Изменить размер шрифта - +
Я был крайне удивлен, когда узнал, что цензоры из ГДР оставались верны ее принципам даже после распада страны. Цензоры при Старом режиме во Франции, безусловно, разделяли его ценности, в первую очередь, принцип привилегий, даже когда сами им не соответствовали, как, например, в случае с Кребийоном-сыном, писавшим такие романы, которые никогда бы не одобрил сам в качестве уважаемого censeur royal. С точки зрения судей Британской Индии и библиотекарей, составлявших ее каталоги, либерализм нисколько не противоречил империализму. Обнаружить сочетаемость противоречивых элементов культурной системы – значит, как я полагаю, засвидетельствовать ту власть, которую имела эта система над «туземцами». Можно утверждать, что религии черпают силы из своей способности признавать противоречия и осмыслять их, например, помогая своим приверженцам сочетать веру в благого творца с опытом страданий и существованием зла.
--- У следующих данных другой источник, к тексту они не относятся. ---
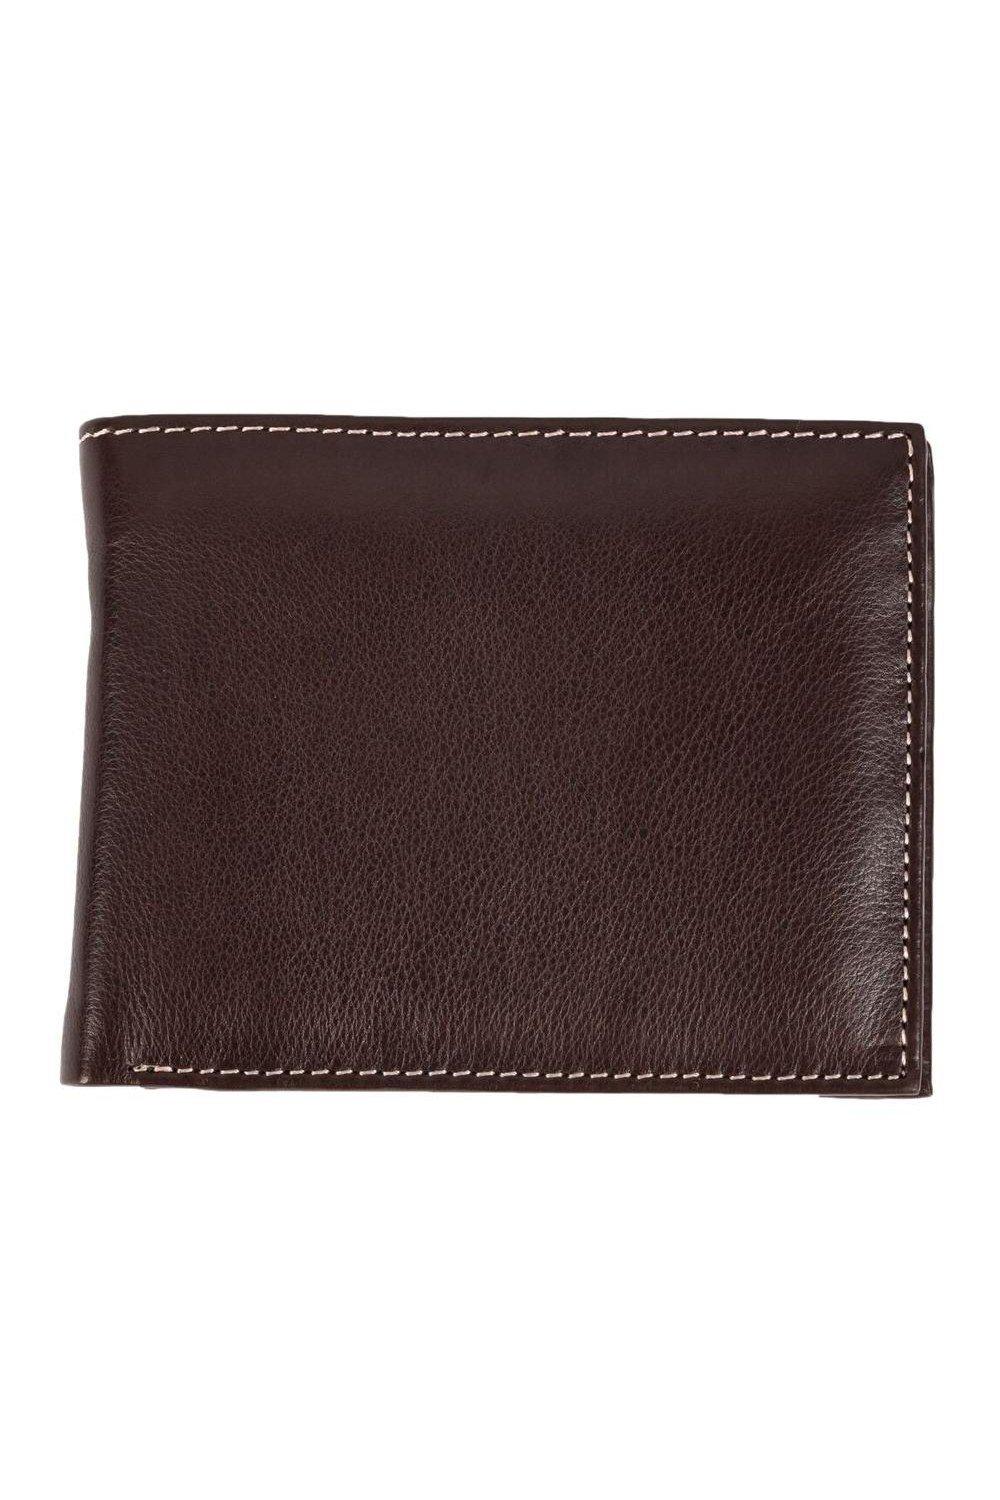 персонализированный кошелек для фотографии для женщин короткий кошелек тройного сложения из искусственной кожи женский кошелек в подаро Кошелек Mark Trifold с карманом для монет Eastern Counties Leather, коричневый

Не преуменьшая разочарование и апатию, которые развивались при авторитарных режимах, мне кажется, важно осознать, что авторы и цензоры часто разделяли взгляды на литературу, которую вместе создавали. А она, в трех рассмотренных в книге примерах, не сводилась к созданию художественных вымыслов. В нее входили любого рода книги и всевозможные люди, игравшие роль в создании, распространении и потреблении книг. Авторы были лишь одними из них, первой стадией процесса (авторы писали текст, редакторы, художники и типографы делали книги), а читатели ждали результата на последней. Между ними находились разного рода посредники, каждый со своими связями вне системы, например с кучерами («Танастеса» в каретах контрабандой вывозили из Версаля, чтобы доставить читателям в Париже), или окружными офицерами (они предоставляли информацию, включавшуюся в отчеты о книгах в Индии), или редакторами периодических изданий (которые публиковали рецензии, чтобы повлиять на восприятие «Романа о Хинце и Кунце»). А помимо них, литературу определял более широкий контекст: космополитизм Просвещения и французская культура в XVIII веке, имперское правление и выступавшие против нее националистические движения в XIX веке, борьба за власть по обе стороны фронта холодной войны во второй половине ХX века. В каждом случае характер литературы определяется окружающей культурной средой. Она всегда остается частью социальных систем с уникальными качествами и ключевыми принципами, вокруг которых они складываются: привилегиями во Франции Бурбонов, надзором в Британской Индии и плановой экономикой в коммунистической Восточной Германии.

Такие поверхностные описания вряд ли могут дать представление о злоупотреблениях властью при этих трех режимах. При каждом власть принимала разные формы, вторгалась во все аспекты литературной жизни и делала ее подсистемой общественного порядка. Должны ли мы в таком случае дойти, как некоторые постструктуралистские теоретики, до того, чтобы называть цензурой любое проявление власти и ограничений, включая рыночную экономику в восприятии марксистов и подсознательное в исследованиях фрейдистов? Не думаю. Если понятие цензуры включает все подряд, оно лишается значения. Не стоит его упрощать. Хотя я согласен с тем, что власть осуществляется разными способами, мне кажется, важно провести границу между той властью, которая является монополией государства (или других уполномоченных организаций, например религиозных), и властью, которая распространена в других сферах общества. Цензура, в моем понимании, всегда связана с политикой, и ею распоряжается государство.

Таким образом, дойдя до опасной близости с релятивизмом, я отстраняюсь от него, как делают этнографы во время полевых исследований, сталкиваясь с местными обычаями, которые противоречат их собственным ценностям. Может ли антропологический подход к цензуре сочетаться с приверженностью таким культурно далеким от нее категориям, как свобода слова, закрепленная Первой поправкой к Конституции США? Антропологи часто чувствуют, что разрываются между двумя стремлениями, как две собаки, которые в польском анекдоте встречаются на польско-чешской границе.